Most of our gear was the same stuff we take on our 10 day backpacks in the mountains, minus the packs and heavy rain gear, and plus the civvies and bike rain gear. We went to REI and Feathered Friends many years ago and spent a whole bunch of money on light sleeping and tenting. We use a 3-person double wall tent so we can bring everything except the bike into the tent when it rains. If you want to drop weight, try looking at Big Agnes and their bikepacking tents and down bags with built in pocket for an ultralight Thermarest. If you're a couple, see Feathered Friends and get a double down bag zipped to a Toucan. We have a Seedhouse SL3, ordinary backpacking tent. Yeah, so basically to go lighter, you spend money, but only the once. This stuff lasts almost forever.
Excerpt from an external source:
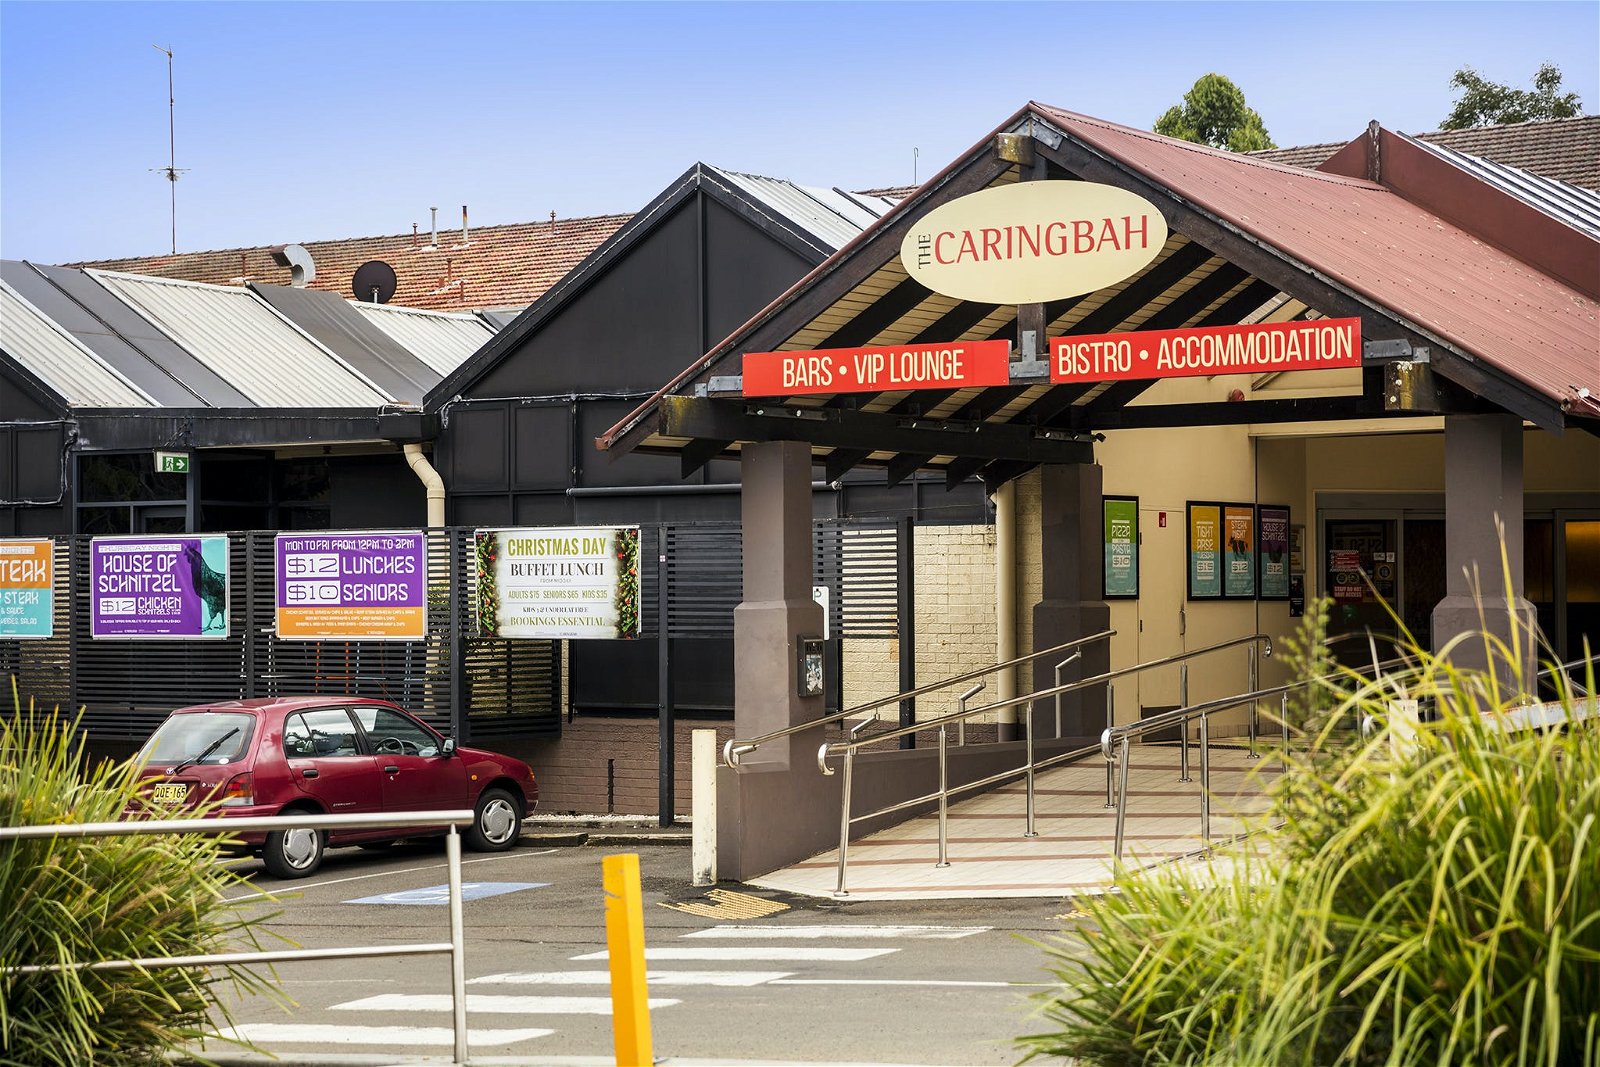 Graziers Grill House - Caringbah Hotel - Northern Rivers Accommodation

We don't carry a lot of tools, just what's necessary for normal bike tune-up and light repairs. Spares are mostly what we take on every bike ride: spare cables, brake shoes, chain oil, spare tire, spare tubes, patch and boot kits. We only toured in the usual fairly civilized settings in the US and Europe.
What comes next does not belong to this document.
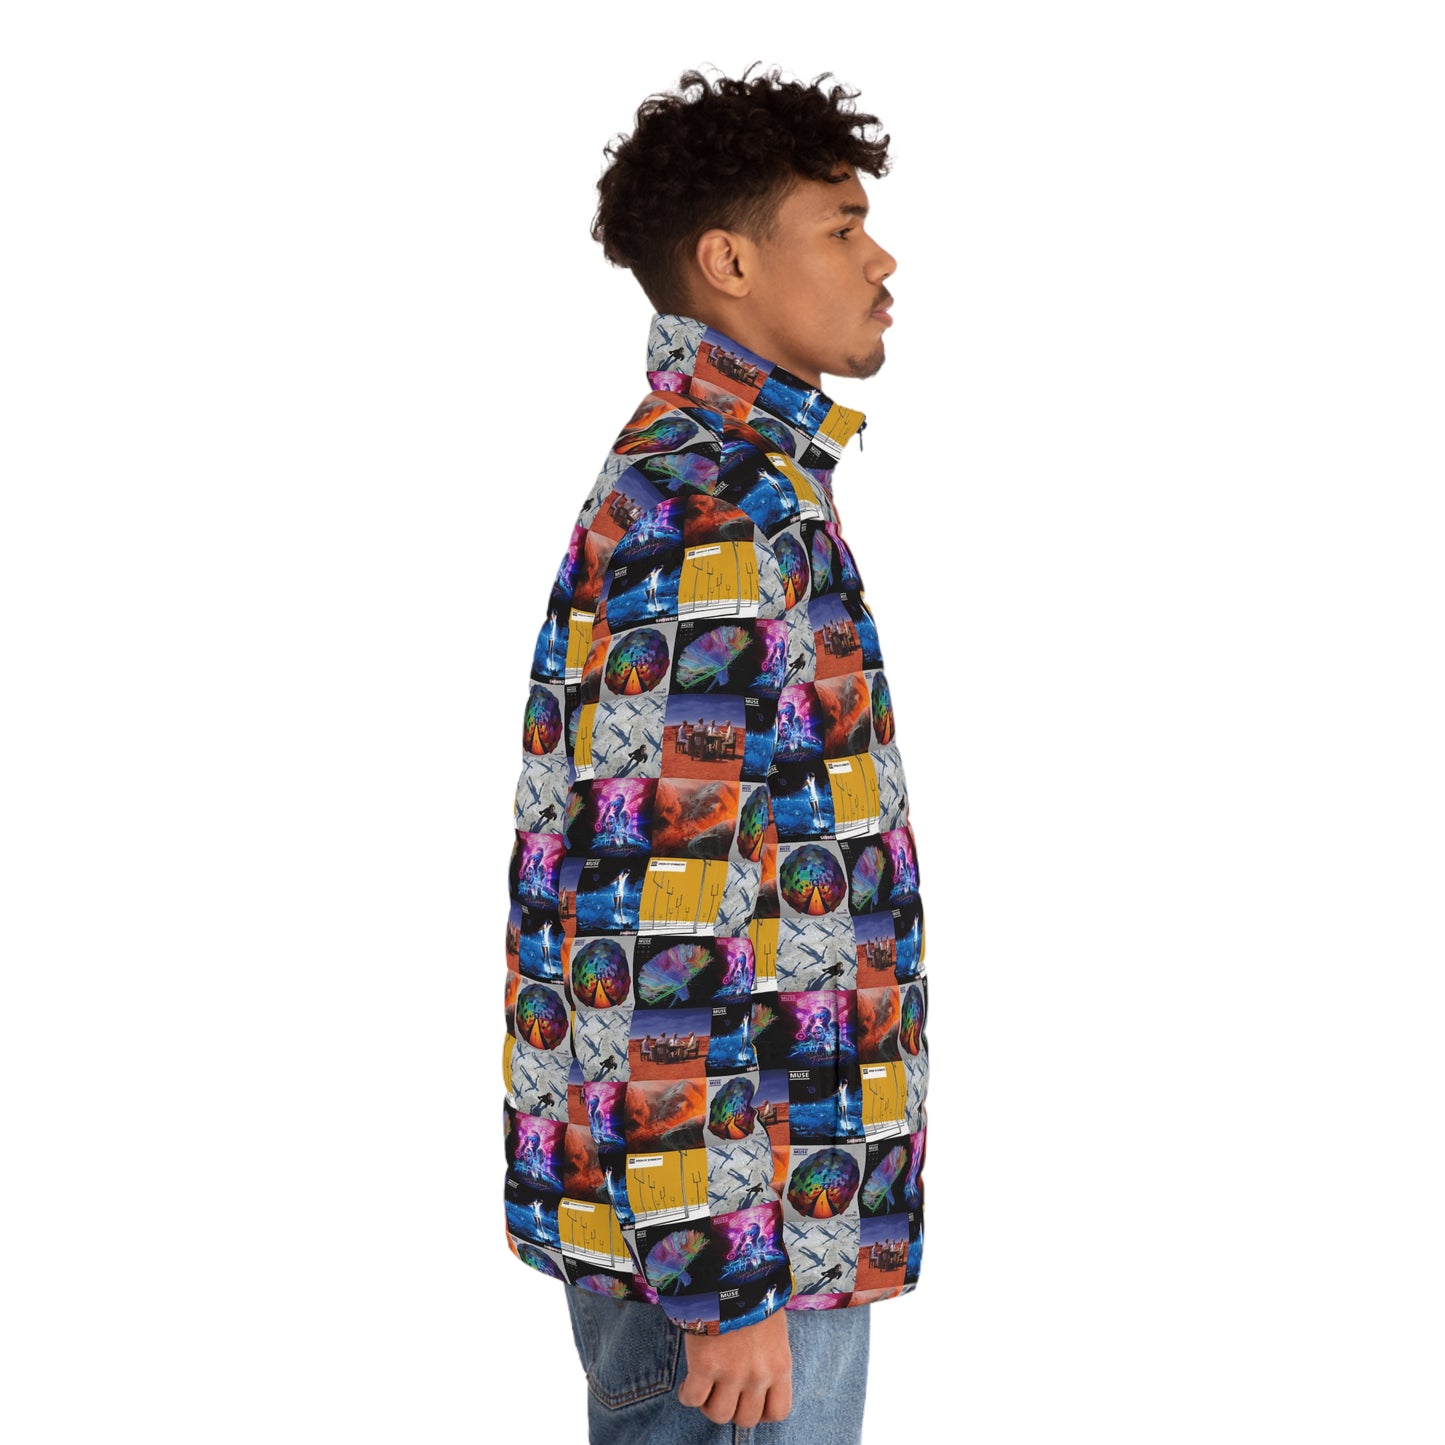 Muse Album Cover Collage Men's Puffer Jacket

We put everything made of fabric into waterproof compression sacks. The tent (could be wet) went into a plastic bag which went into a compression sack followed by our sleeping bag. We each had a compression sack for clothes and one for both of our dirty clothes. The problem isn't just weight, it's volume. More volume = more weight to hold it all.

Besides keeping the weight down, we paid some attention to aero, since that's a tandem's strong point. I'm not a particularly strong rider and my wife puts out about 1/2 my watts so we didn't have a lot of power. We could cruise all day on the flat at 18mph because it's a tandem, though our low climbing gear had to be a 26 X 34. We tried to tour only on asphalt, though in Europe we did some brick and dirt following bike routes. We had fairly fast tires, 28mm @ 115 lbs. We never had a flat, just a lot of fun.